# LangChain Zunno Integration
A LangChain integration for Zunno LLM and Embeddings, providing easy-to-use wrappers for text generation and embeddings.
## Installation
```bash
pip install langchain-zunno
```
## Quick Start
### Text Generation (LLM)
```python
from langchain_zunno import ZunnoLLM
# Create an LLM instance
llm = ZunnoLLM(model_name="mistral:latest")
# Generate text
response = llm.invoke("Hello, how are you?")
print(response)
```
### Embeddings
```python
from langchain_zunno import ZunnoLLMEmbeddings
# Create an embeddings instance
embeddings = ZunnoLLMEmbeddings(model_name="mistral:latest")
# Get embeddings for a single text
embedding = embeddings.embed_query("Hello, how are you?")
print(f"Embedding dimension: {len(embedding)}")
# Get embeddings for multiple texts
texts = ["Hello world", "How are you?", "Good morning"]
embeddings_list = embeddings.embed_documents(texts)
print(f"Number of embeddings: {len(embeddings_list)}")
```
### Async Usage
```python
import asyncio
from langchain_zunno import ZunnoLLM, ZunnoLLMEmbeddings
async def main():
# Async LLM
llm = ZunnoLLM(model_name="mistral:latest")
response = await llm.ainvoke("Hello, how are you?")
print(response)
# Async embeddings
embeddings = ZunnoLLMEmbeddings(model_name="mistral:latest")
embedding = await embeddings.aembed_query("Hello, how are you?")
print(f"Embedding dimension: {len(embedding)}")
asyncio.run(main())
```
## Factory Functions
For convenience, you can use factory functions to create instances:
```python
from langchain_zunno import create_zunno_llm, create_zunno_embeddings
# Create LLM
llm = create_zunno_llm(
model_name="mistral:latest",
temperature=0.7,
max_tokens=100
)
# Create embeddings
embeddings = create_zunno_embeddings(
model_name="mistral:latest"
)
```
## Configuration
### LLM Configuration
- `model_name`: The name of the model to use
- `base_url`: API endpoint (default: "http://15.206.124.44/v1/prompt-response")
- `temperature`: Controls randomness in generation (default: 0.7)
- `max_tokens`: Maximum number of tokens to generate (optional)
- `timeout`: Request timeout in seconds (default: 300)
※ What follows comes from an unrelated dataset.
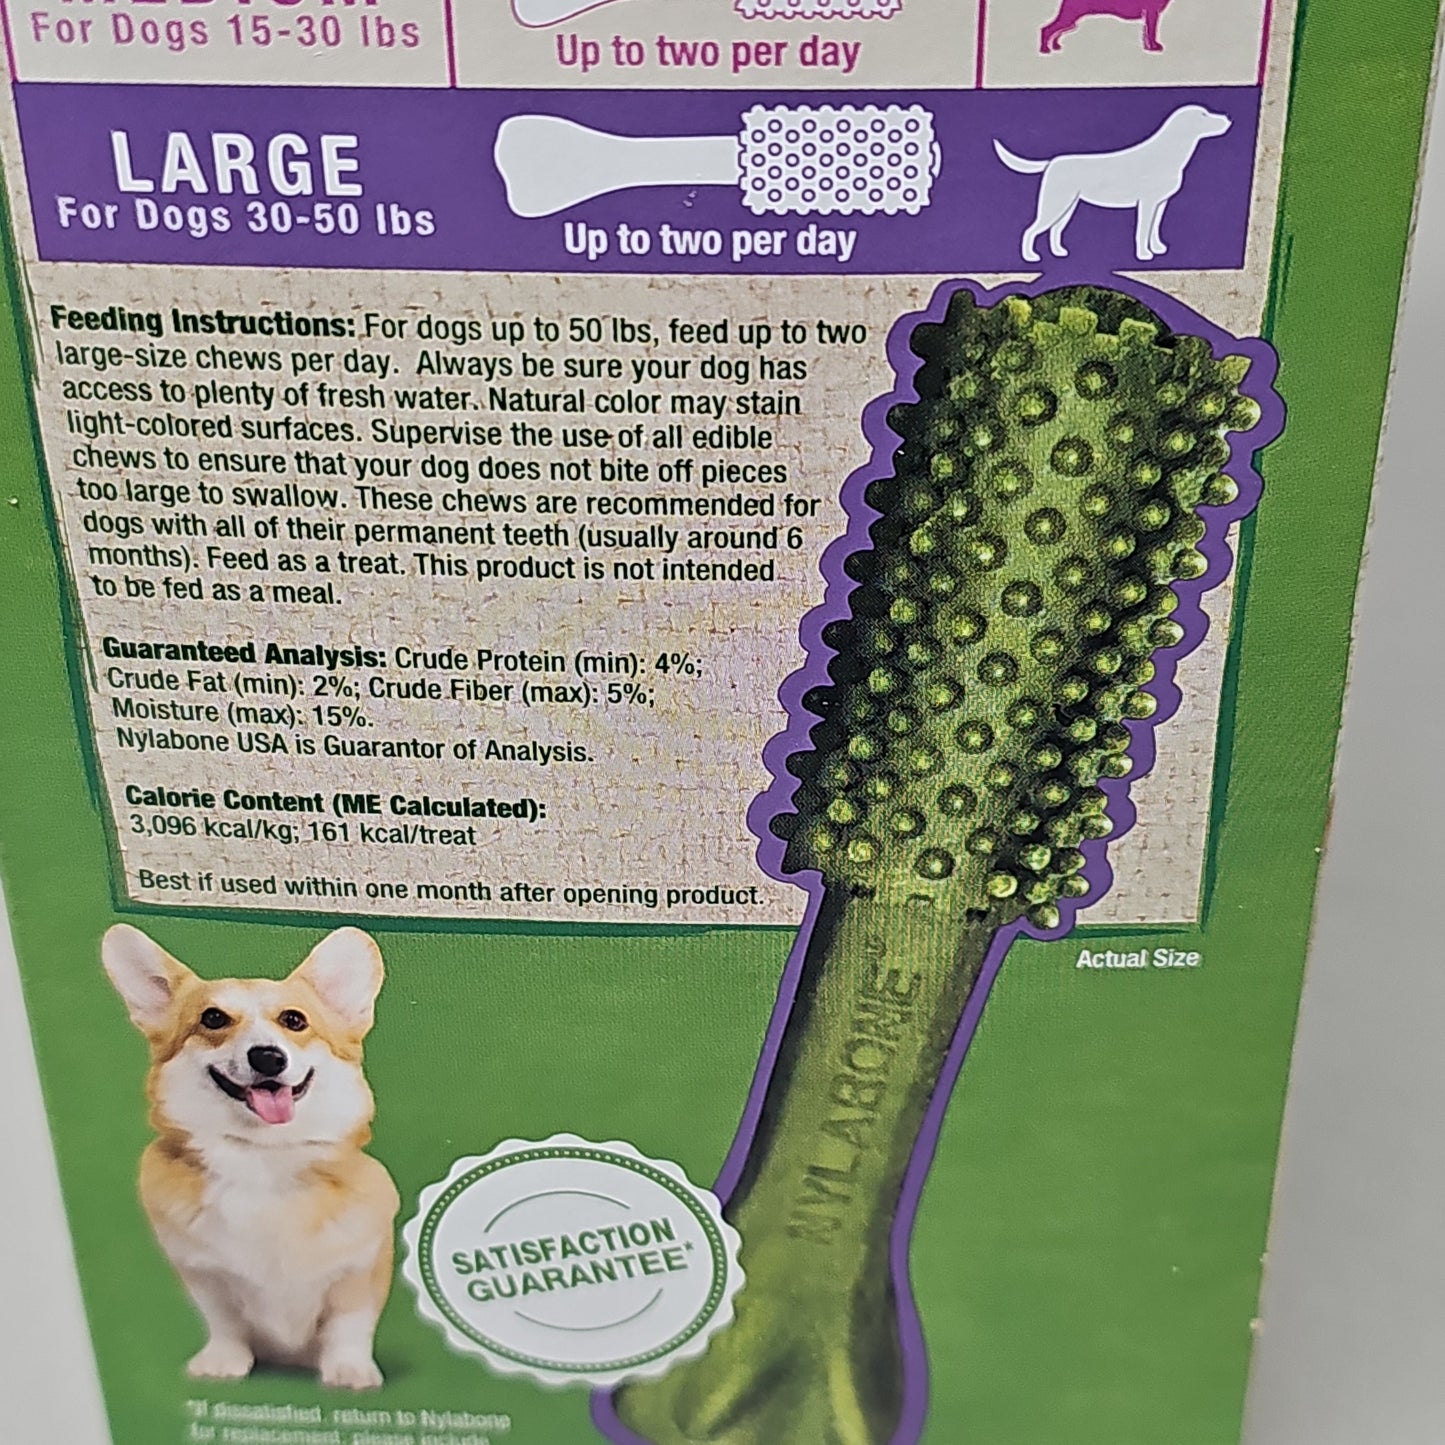 Z@ NYLABONE Natural Nutri Dent Dogs 20 Count Large 30-50 Lbs Dental Chew Treats NTD443T20P (New)

### Embeddings Configuration
- `model_name`: The name of the embedding model to use
- `base_url`: API endpoint (default: "http://15.206.124.44/v1/text-embeddings")
- `timeout`: Request timeout in seconds (default: 300)
## API Endpoints
The package connects to the following Zunno API endpoints:
- **Text Generation**: `http://15.206.124.44/v1/prompt-response`
- **Embeddings**: `http://15.206.124.44/v1/text-embeddings`
## Error Handling
The package includes comprehensive error handling:
```python
try:
response = llm.invoke("Hello")
except Exception as e:
print(f"Error: {e}")
```
## Development
### Installation for Development
```bash
git clone https://github.com/zunno/langchain-zunno.git
cd langchain-zunno
pip install -e ".[dev]"
```
### Running Tests
```bash
pytest
```
### Code Formatting
```bash
black .
isort .
```
## License
This project is licensed under the MIT License - see the [LICENSE](LICENSE) file for details.
## Contributing
1. Fork the repository
2. Create a feature branch
3. Make your changes
4. Add tests
5. Submit a pull request
## Support
For support, please open an issue on GitHub or contact us at support@zunno.ai.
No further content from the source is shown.